錦二奶奶只是抱著萬一的希望而來,誰知道公爺卻輕輕鬆鬆答應了,錦二奶奶又驚又喜,俏麗無比的臉蛋彷彿突然就光彩照人,伸小手想扶葉昭,又急忙縮了回來,連聲道:“那,那金鳳頭前帶路。”
“不用,你去,我抽完這根菸。”葉昭舉了舉手裡還剩的半截雪茄。
“是。”錦二奶奶蓮足輕盈的翩翩而去,看起來開心極了。
葉昭心下苦笑,這二夫人,自己可真把她害慘了,竟然淪落到為了自己一句話或喜或悲,唉。
葉昭施施然來到海棠閣時,錦二奶奶早就候了半天,殷勤的幫葉昭解下外氅,引葉昭進餐廳,餐桌上,卻是乳酪酥餅等各色小點心。
葉昭淺淺嘗了幾樣,以葉昭敏銳的口感,自沒覺得多麼鮮美,但難得錦二奶奶一份心思,分明都是她親手做的,只怕從小到大她都是第一次給人做點心吧。
“還行吧。”葉昭拍拍手,淺嘗即止。
錦二奶奶就急忙端了木盆進來,葉昭笑道:“不用,給我毛巾就好。”
用毛巾擦著手,葉昭琢磨著,道:“陶家那兒,打發筆銀子吧。”
怎麼都有點恃強凌弱搶了人家家產的感覺,原先還可說用鋼鐵廠的收益來稍加彌補,可現在錦二奶奶都不是陶家人了,就感覺有點不對勁兒。
“但憑公爺作主。”錦二奶奶俏生生絕代風華,卻聽話的不行。
“你呢……,就先住下吧!”現下府裡丫頭僕役,都以為自己準備納錦二奶奶為妾,可鬧了這許多出,自己現下可真沒這心思,只能先緩緩,到底給人家怎麼個交代,再想想吧。
“是,金鳳都聽公爺的。”錦二奶奶真可說是千依百順。
葉昭正準備再說,門外傳來如意清脆的聲音,“主子,有個自稱小安子的人求見,說是從京城來。

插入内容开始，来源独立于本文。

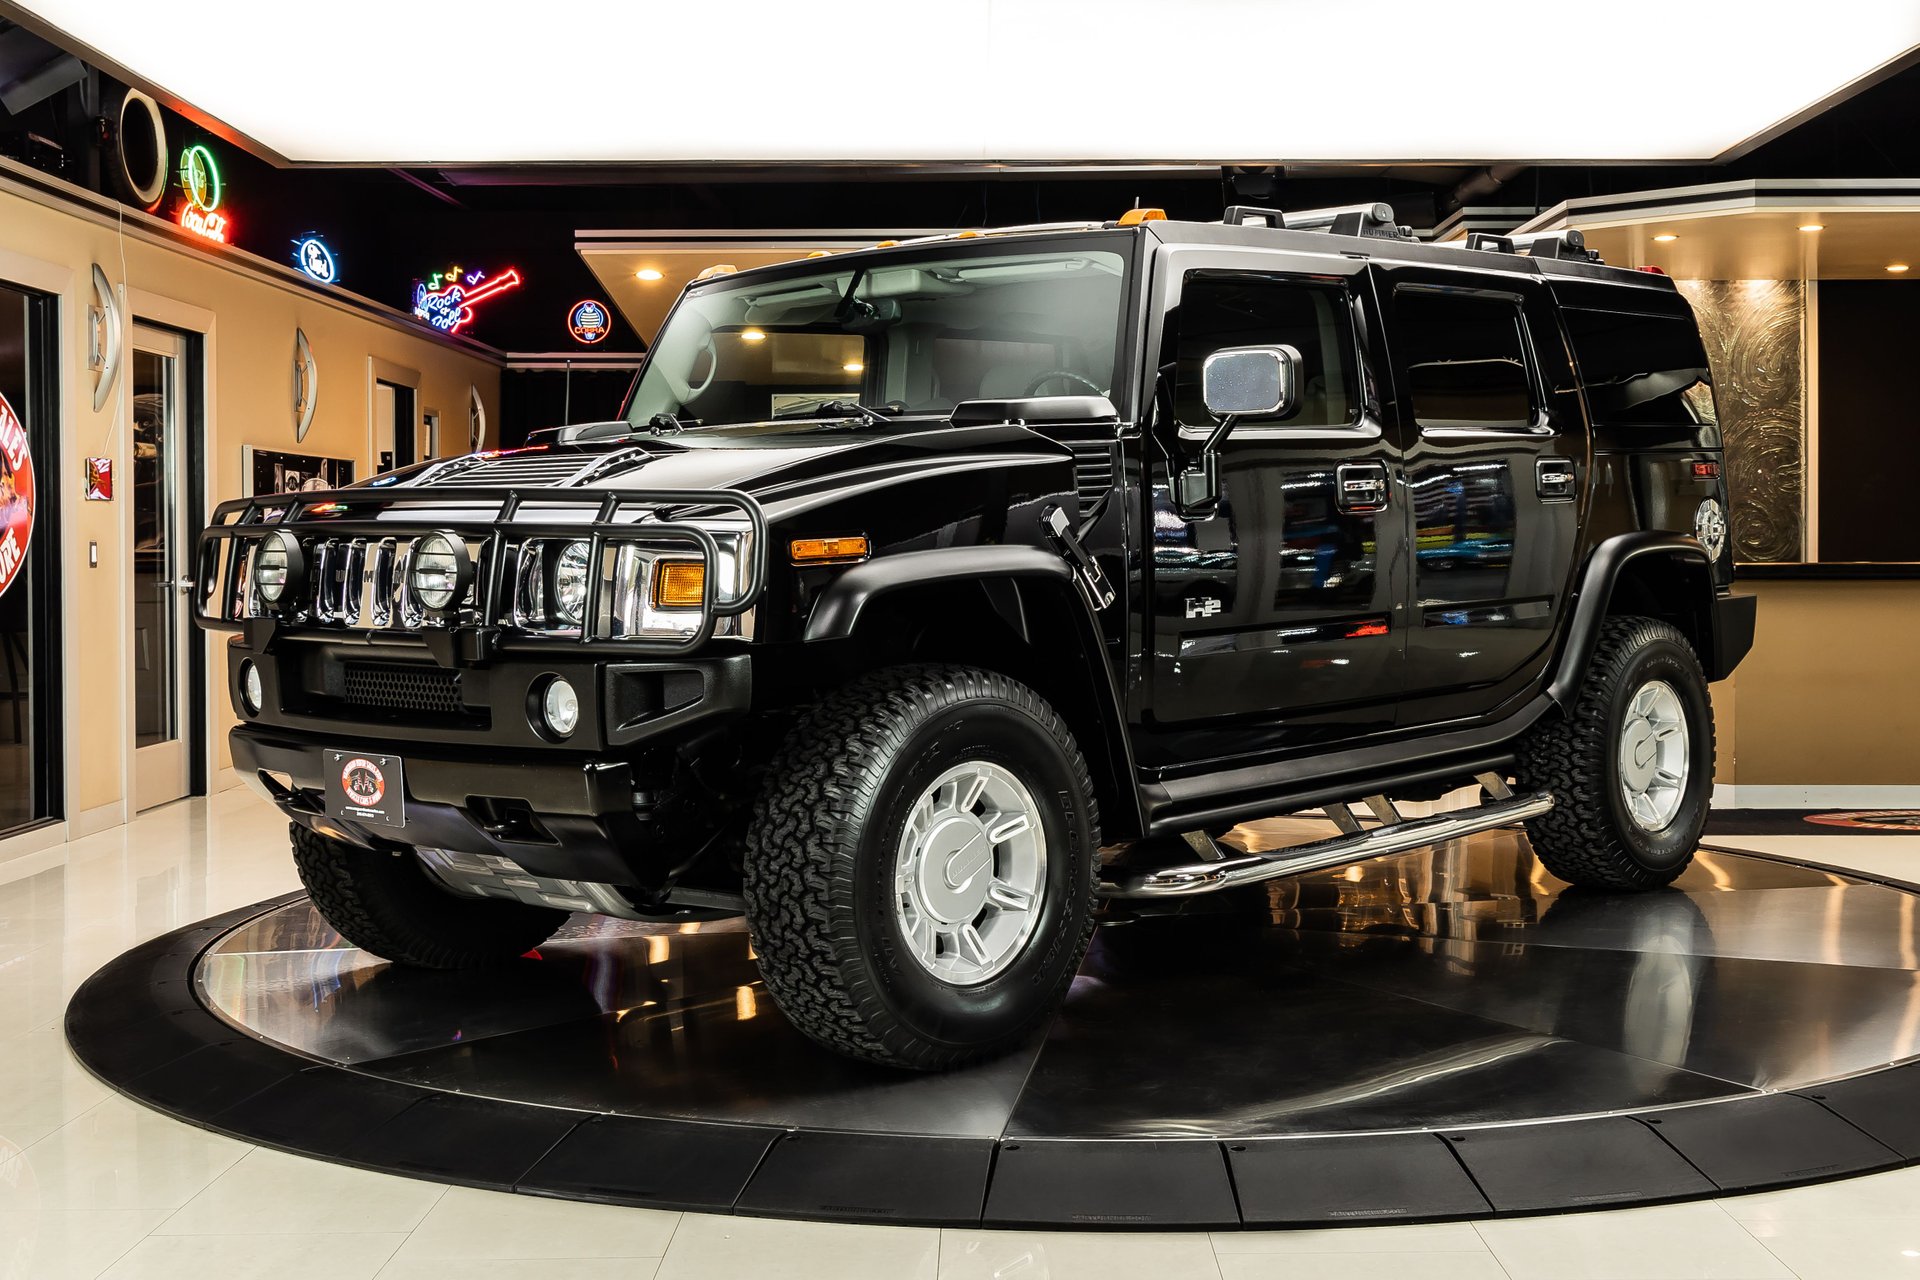 2004 Hummer H2 | Classic Cars for Sale Michigan: Muscle & Old Cars |  Vanguard Motor Sales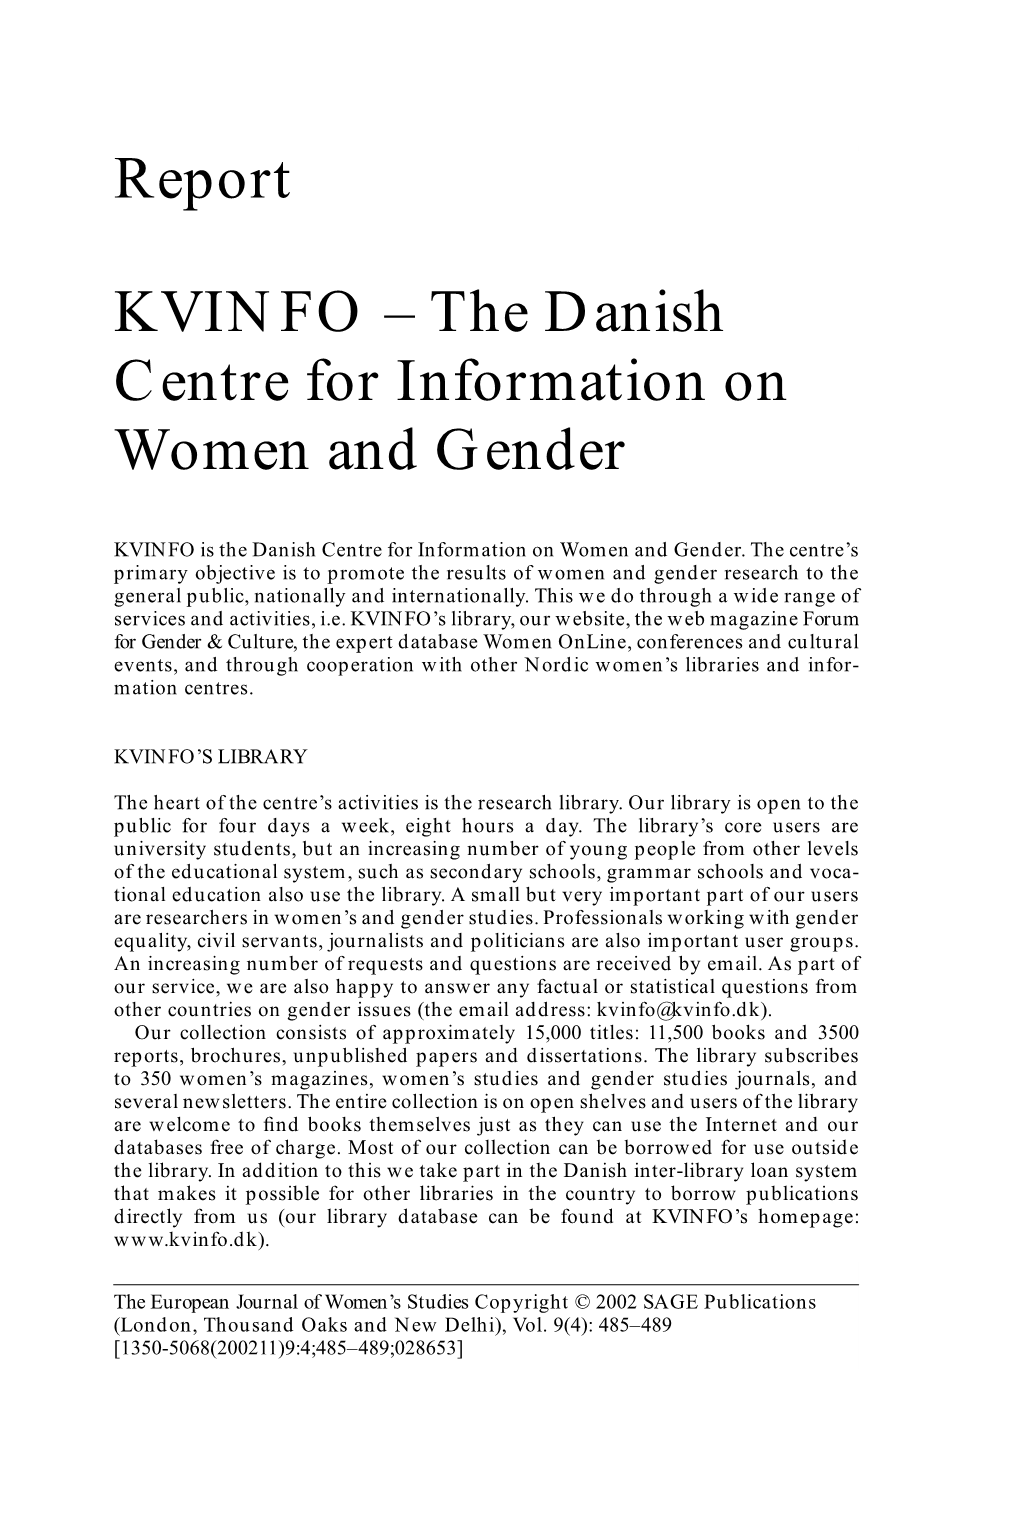 The Danish Centre for Information on Women and Gender

”
葉昭微微一怔,小安子?自己就認識一個小安子,蘭貴人的心腹,太監安德海。
如果是安德海,他怎麼會來廣州?太監出京可是要砍頭的,他可不就是因為私自出京被恭親王夥同山東巡撫丁寶楨砍了頭?
這輩子看來他也是喜歡四處溜達,怕也落不了好。
花廳,一名白淨的文秀年輕人不時焦急的看看長廊,他一舉一動都有些陰柔,就是俗話說的娘娘腔。四五名藍旗衛守在四周,畢竟誰也不知道他是什麼路數,但聽聞京城來的,機密要事求見公爺,就搜了身將他領來花廳,畢竟怕真誤了公爺的大事。
當葉昭的身影遠遠出現在長廊上,娘娘腔突然就跳起來,“公爺,公爺!”想衝出廳,可怎可能?他剛一動,跑沒兩步,就嘭一下被人掃襠腿撂倒,幾名親衛將他牢牢按在地磚上,他用力掙扎,帶著哭腔喊:“公爺!公爺!我是小安子啊!”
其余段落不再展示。